Focusing HIV drug development on immune cells called macrophages instead of traditionally targeted T cells could bring us closer to eradicating the disease, according to new research from University of Florida and five other institutions.
In the largest study of its kind, researchers found that in diseased cells — such as cancer cells — that are also infected with HIV, almost all the virus was packed into macrophages, whose job is to "eat" invading disease agents.
What's more, up to half of those macrophages were hybrids, formed when pieces of genetic material from several parent HIV viruses combined to form new strains.
Such "recombination" is responsible for formation of mutants that easily elude immune system surveillance and escape from anti-HIV drugs.
"Macrophages are these little factories producing new hybrid particles of the virus, making the virus probably even more aggressive over time," said study co-author Marco Salemi, Ph.D., an assistant professor in the department of pathology, immunology and laboratory medicine at the UF College of Medicine. "If we want to eradicate HIV we need to find a way to actually target the virus specifically infecting the macrophages."

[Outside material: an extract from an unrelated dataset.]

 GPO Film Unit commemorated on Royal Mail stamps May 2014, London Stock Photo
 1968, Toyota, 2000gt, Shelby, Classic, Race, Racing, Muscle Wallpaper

At least 1.1 million people in the United States and 33 million in the world are living with HIV/AIDS, according to the Kaiser Family Foundation.
The researchers set out to see if HIV populations that infect abnormal tissues are different from those that infect normal ones, and whether particular strains are associated with certain types of illness.

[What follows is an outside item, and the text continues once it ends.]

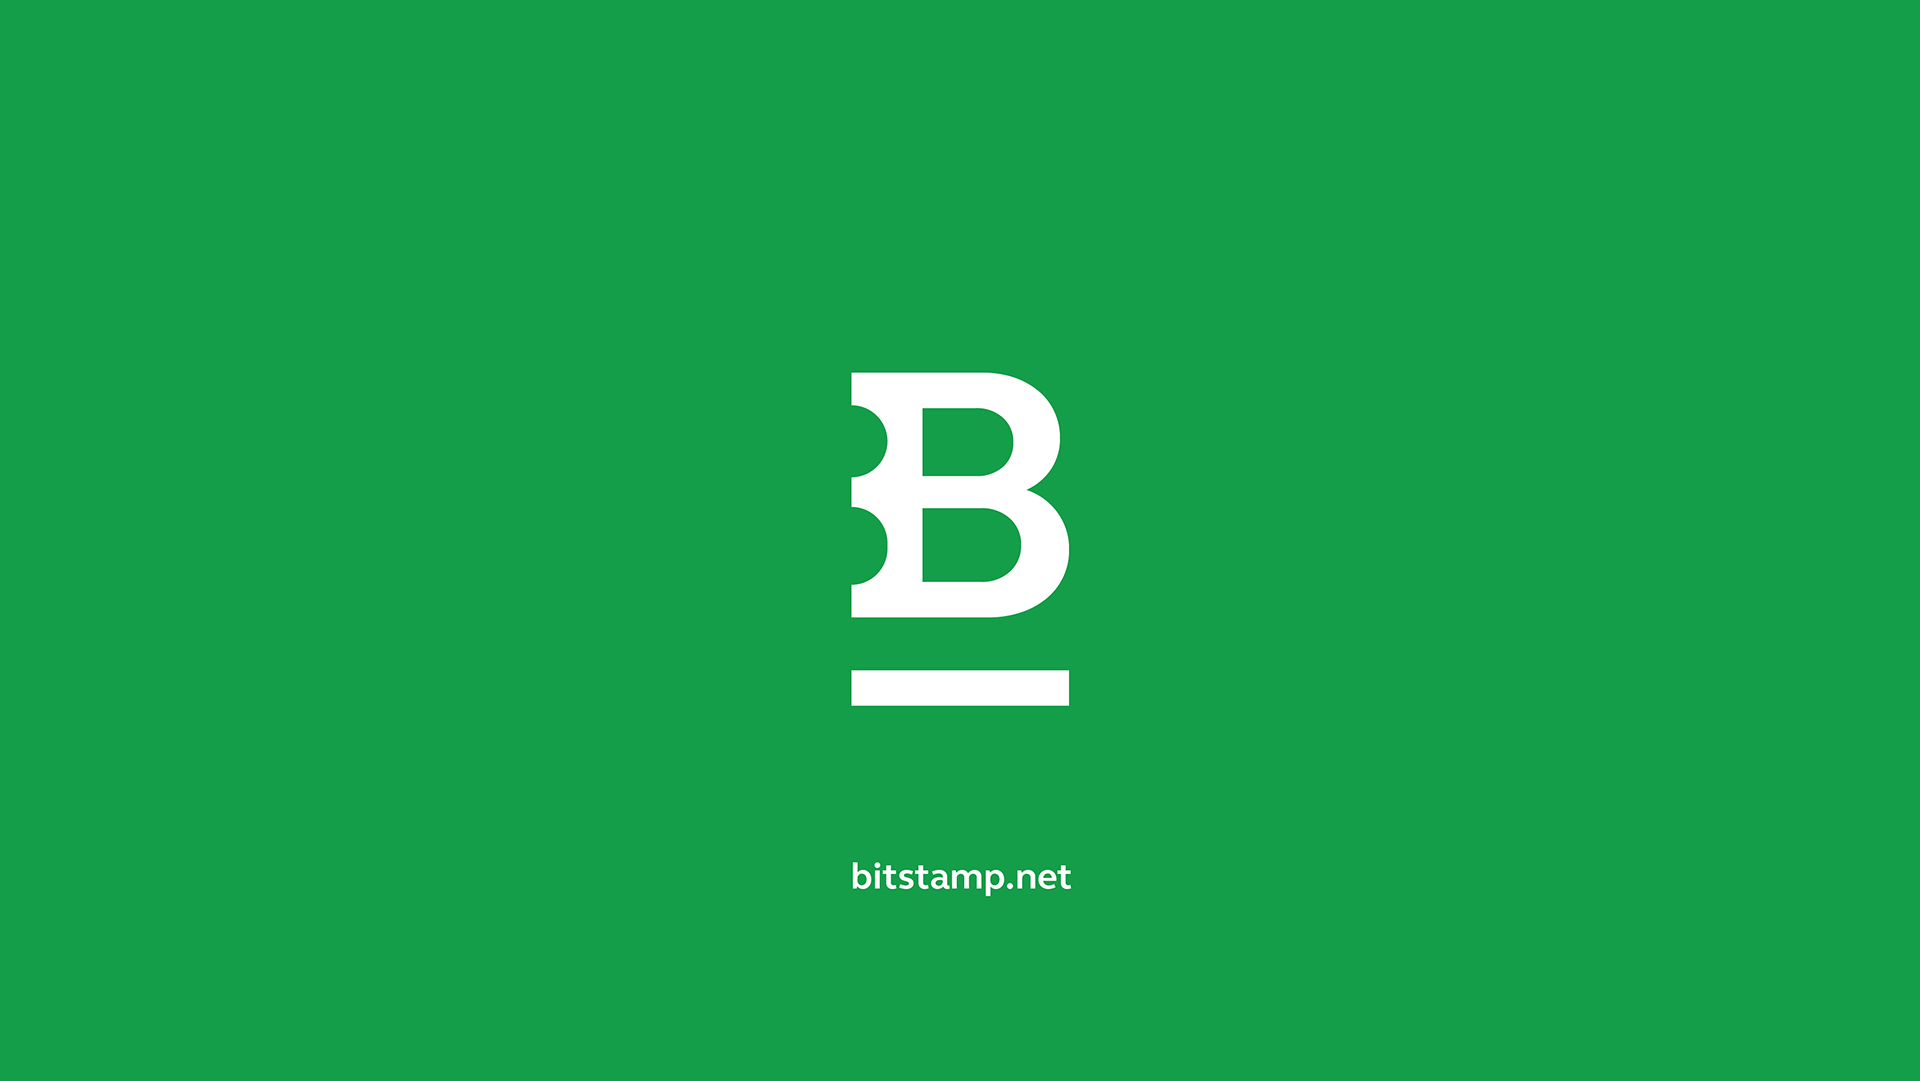 Bitstamp net what is an undervalued crypto coin

They tackled the question using frozen post-autopsy tissue samples, pathology results and advanced computational techniques. They analyzed 780 HIV sequences from 53 normal and abnormal tissues from seven patients who had died between 1995 and 2003 from various AIDS-related conditions, including HIV-associated dementia, non-Hodgkin's lymphoma and generalized infections throughout the body. Four patients had been treated with highly active antiretroviral therapy, called HAART, at or near the time of death.
The researchers compared brain and lymphoma tissues, which had heavy concentrations of macrophages, with lymphoid tissues — such as from the spleen and lymph nodes— that had a mix of HIV-infected macrophages and T cells.
The analyses revealed great diversity in the HIV strains present, with different tissues having hybrid viruses made up of slightly different sets of genes. A high frequency of such recombinant viruses was also found in tissues generally associated with disease processes, such as the meninges, spleen and lymph nodes.
The researchers concluded that HIV-infected macrophages might be implicated in tumor-producing mechanisms.
The higher frequency of recombinant virus in diseased tissues likely is because macrophages multiply as a result of an inflammatory response, the researchers said.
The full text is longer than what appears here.